Mounting evidence suggests that intestinal dysbiosis contributes to systemic inflammation. Klebsiella pneumoniae has been implicated in AS pathogenesis through molecular mimicry with HLA-B27 and cross-reactive antibodies.3,4 Although this association has been debated, systematic reviews confirm increased prevalence of Klebsiella in AS patients’ stool and higher circulating anti-Klebsiella antibodies.5,6 Diet interventions and microbiome modulation have been proposed as therapeutic strategies, but clinical case reports are rare.
This report adds to the literature by describing a patient who reported an AS diagnosis, was treated for stool-identified Klebsiella dysbiosis, and subsequently experienced sustained remission of symptoms.
Case Presentation
The patient was a middle-aged male who reported being diagnosed with ankylosing spondylitis by his rheumatologist in his mid-30s. He described chronic low back pain beginning in his 20s, waking daily with pain rated 4/10, and experiencing episodes of his back “going out” one to two times per year. Exercise often worsened stiffness, leading to cycles of activity and rest.

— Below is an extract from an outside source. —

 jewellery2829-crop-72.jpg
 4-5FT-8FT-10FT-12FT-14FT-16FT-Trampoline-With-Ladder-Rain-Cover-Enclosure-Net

Over the years, he tried several medications, eventually starting biologic therapy. He took one biologic (adalimumab, Humira) for about a year with limited improvement. He then switched to another biologic (secukinumab, Cosentyx) about 7 years ago. At presentation, he was taking the biologic, in addition to intermittent use of celecoxib, mesalamine, and antihistamines, as well as a proton pump inhibitor he had been taking for two decades for chronic reflux. He also reported daily abdominal discomfort, longstanding reflux, and 2–3 bowel movements daily, without blood or mucus.
Initial visit: At his first naturopathic visit, the patient described feeling somewhat stronger than in previous years, but still struggled with back and joint pain, poor exercise recovery, and chronic gastrointestinal symptoms, including chronic reflux and stomach pain. He had completed a full workup with another provider and his rheumatologist. A comprehensive stool test and additional blood work were ordered.
6 weeks later: Stool analysis revealed significant overgrowth of Klebsiella pneumoniae. At this visit, the patient had not yet implemented recommendations and was waiting for lab results. A pre-gut protocol was initiated, beginning with two weeks of gut lining and immune support, along with foundational supplementation (vitamin D3/K2, B12, fish oil, alpha lipoic acid, chromium). After two weeks, this was transitioned to targeted antimicrobials plus a binder, while continuing nutritional support.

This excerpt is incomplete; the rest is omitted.